* Data section
***
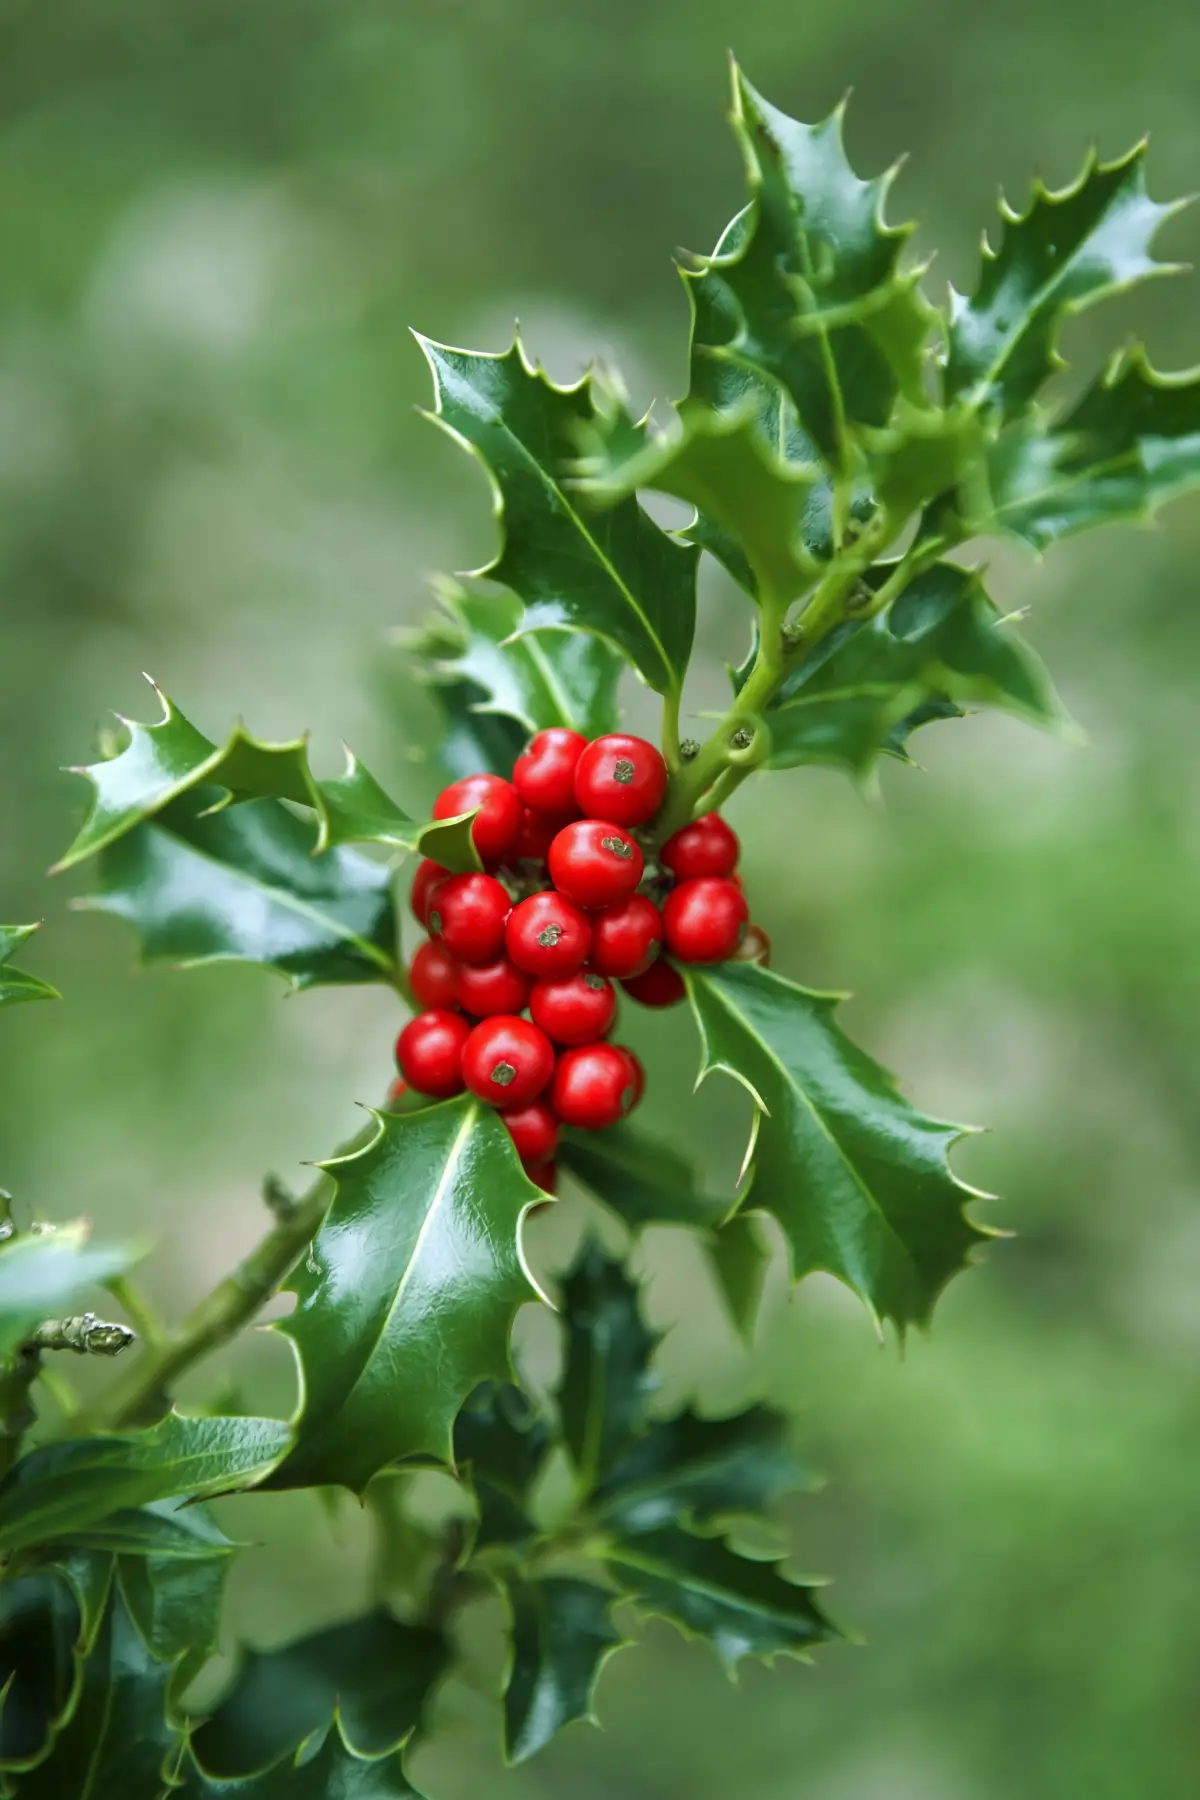 blumen zu weihnachten verschenken welche pflanze zu weihnachten schenken stechenpalme mit roten beeren
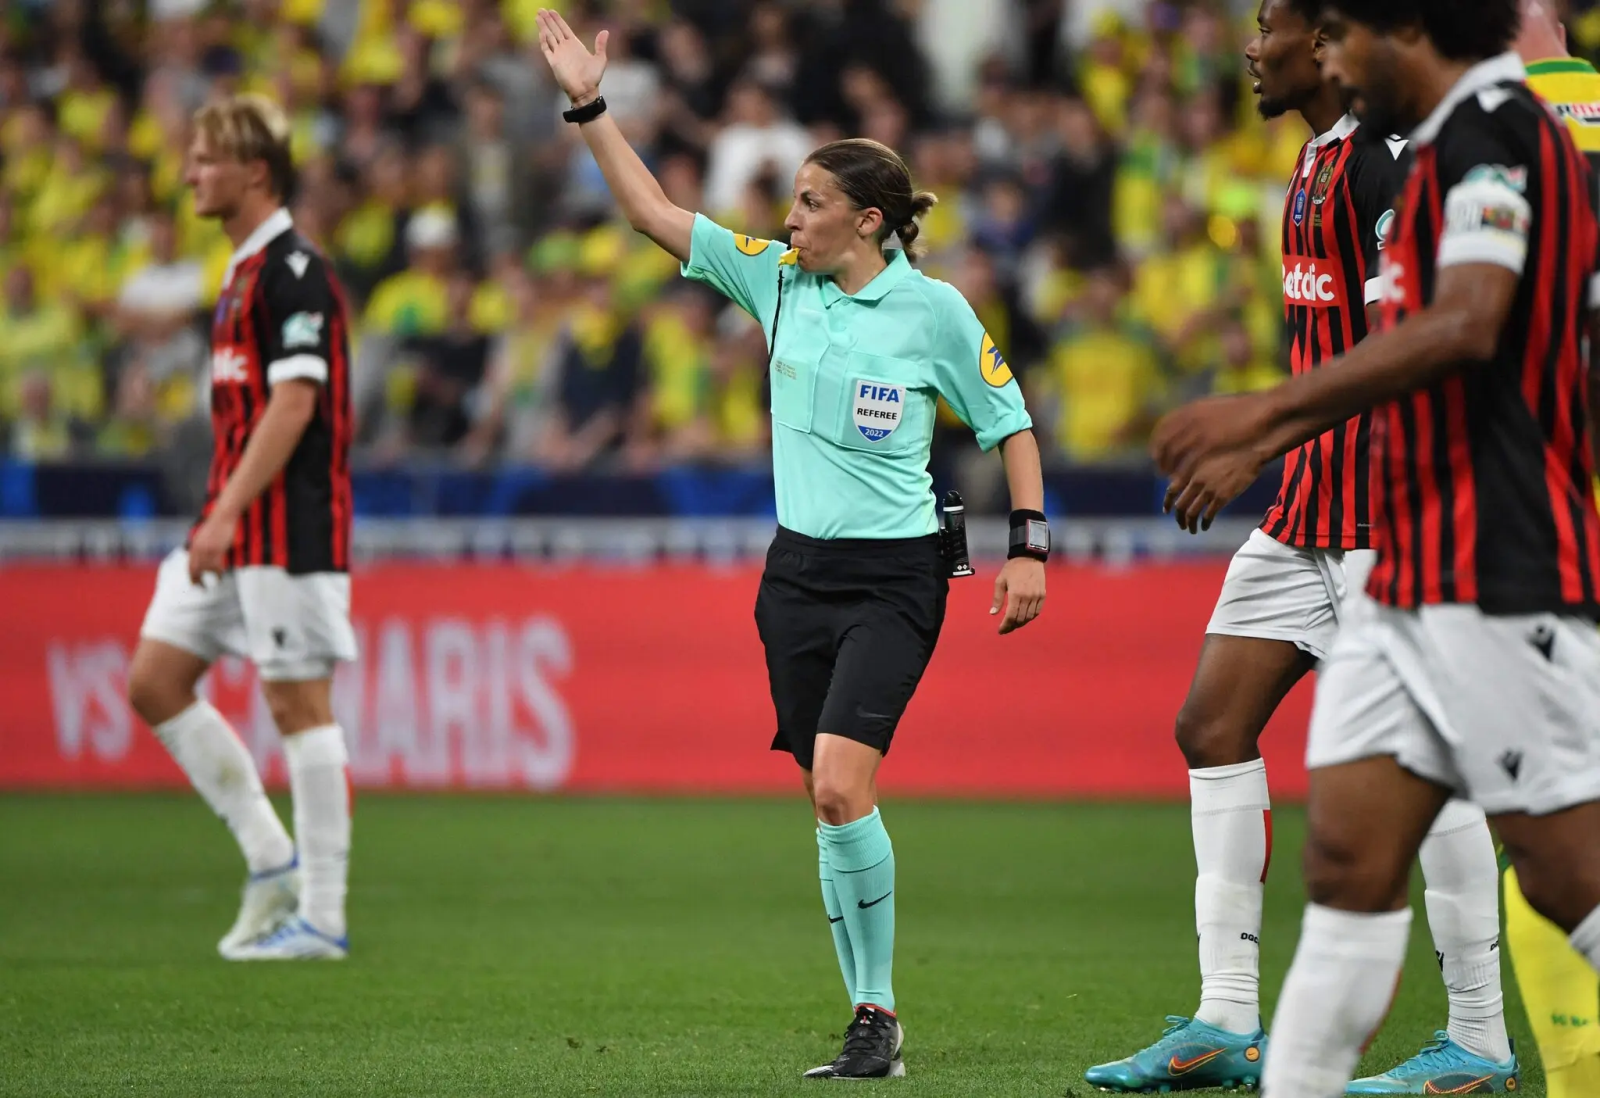 Lần đầu tiên trong lịch sử các kỳ World Cup trọng tài nữ sẽ cầm còi
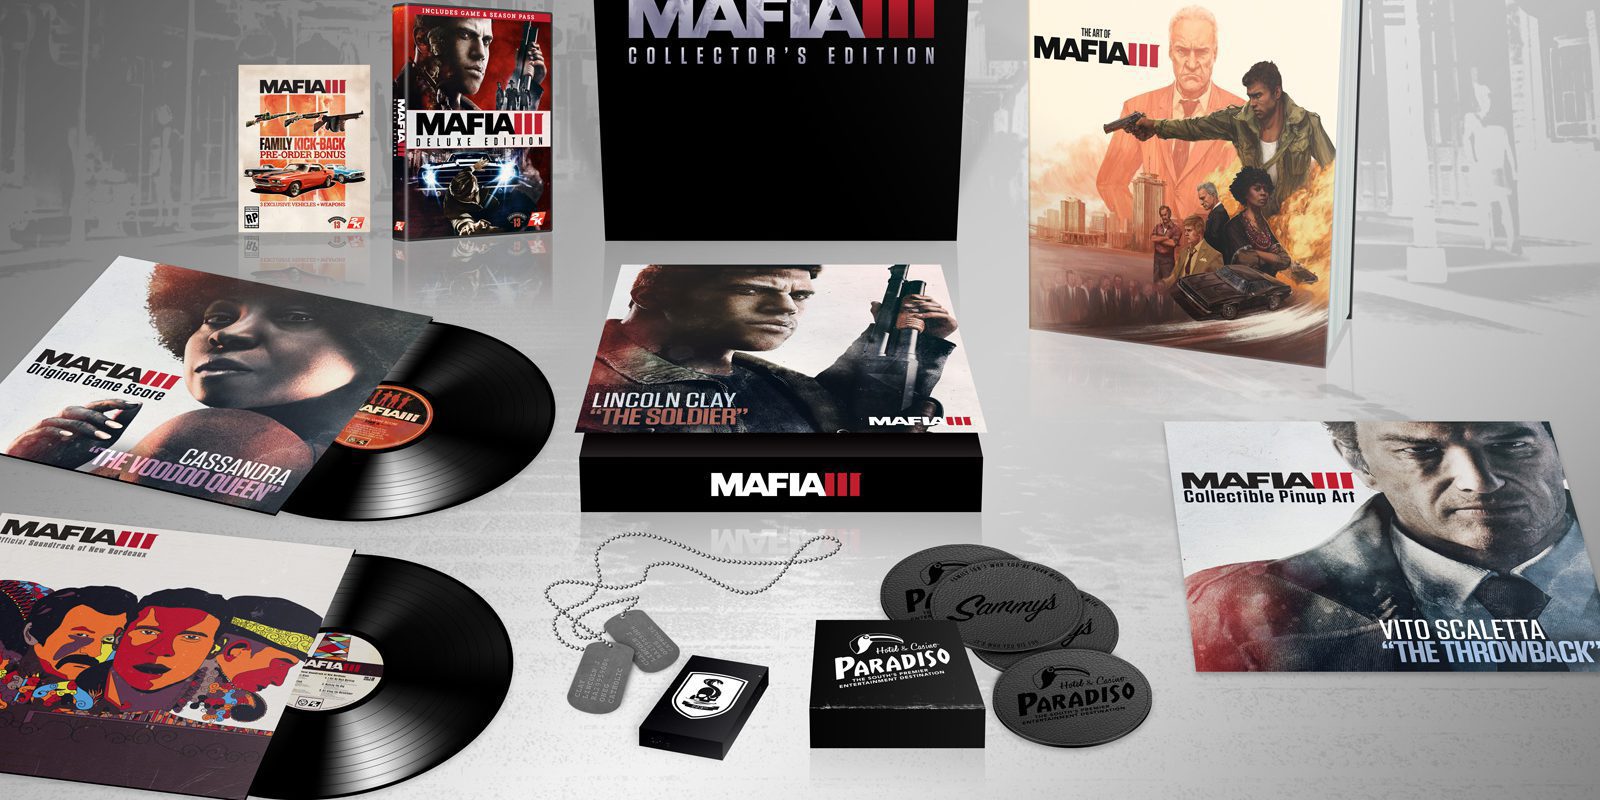 'Mafia III' tendrá una edición de coleccionistas muy completa
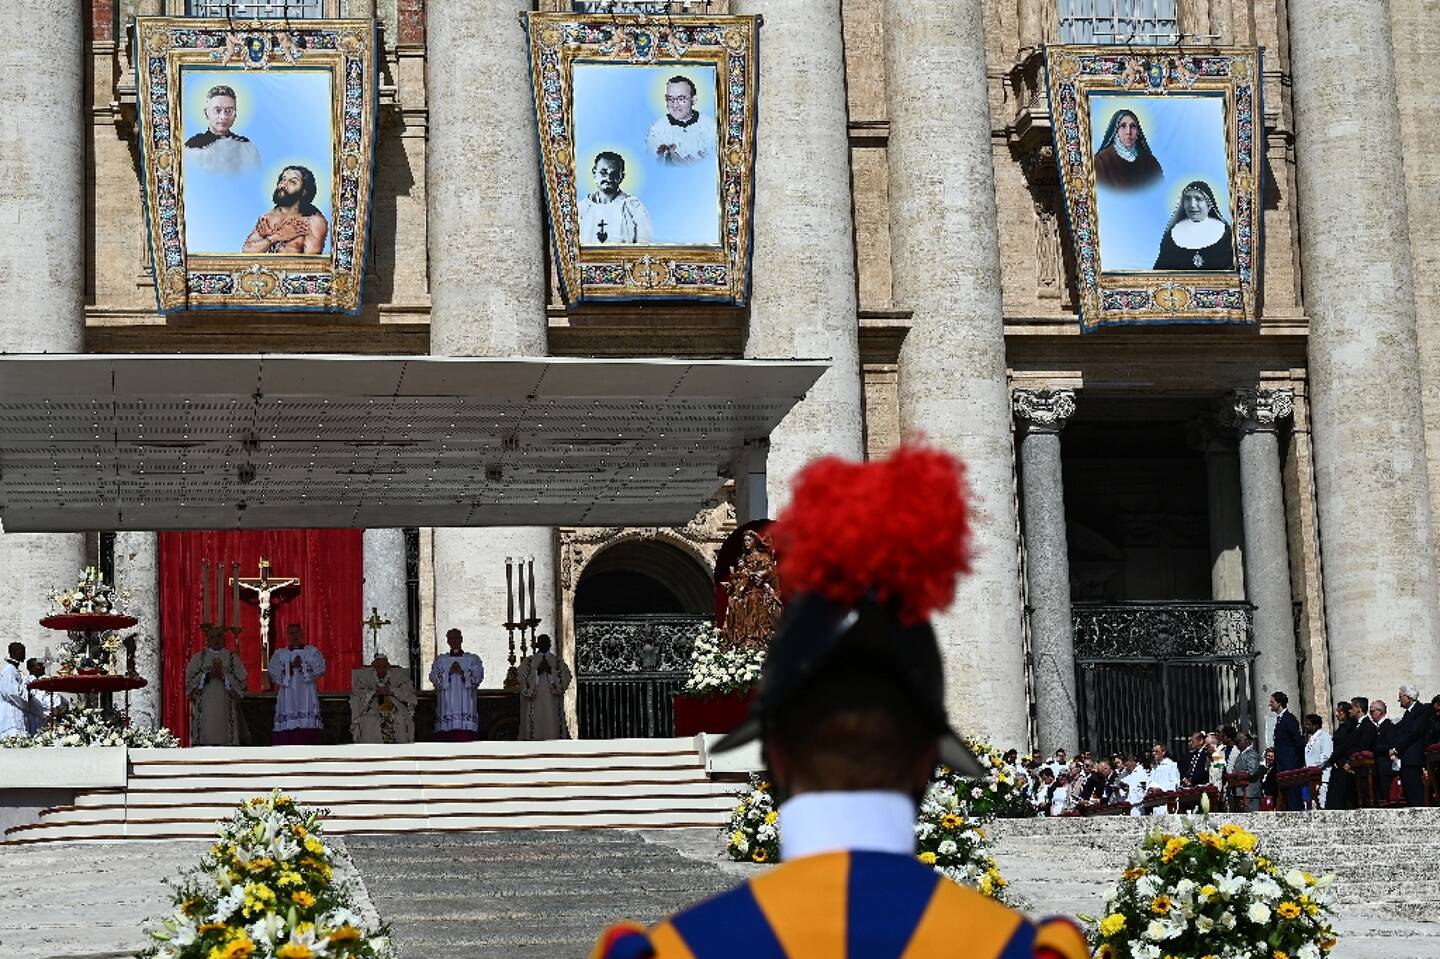 Le pape François préside la messe de canonisation de dix figures de l'Eglise, dont l'ermite du désert Charles de Foucauld, sur la place Saint-Pierre à Rome, le 15 mai 2022
***
Only the pictures are to be left out, and all of the data must otherwise be transcribed exactly.

 blumen zu weihnachten verschenken welche pflanze zu weihnachten schenken stechenpalme mit roten beeren
 Lần đầu tiên trong lịch sử các kỳ World Cup trọng tài nữ sẽ cầm còi
 'Mafia III' tendrá una edición de coleccionistas muy completa
 Le pape François préside la messe de canonisation de dix figures de l'Eglise, dont l'ermite du désert Charles de Foucauld, sur la place Saint-Pierre à Rome, le 15 mai 2022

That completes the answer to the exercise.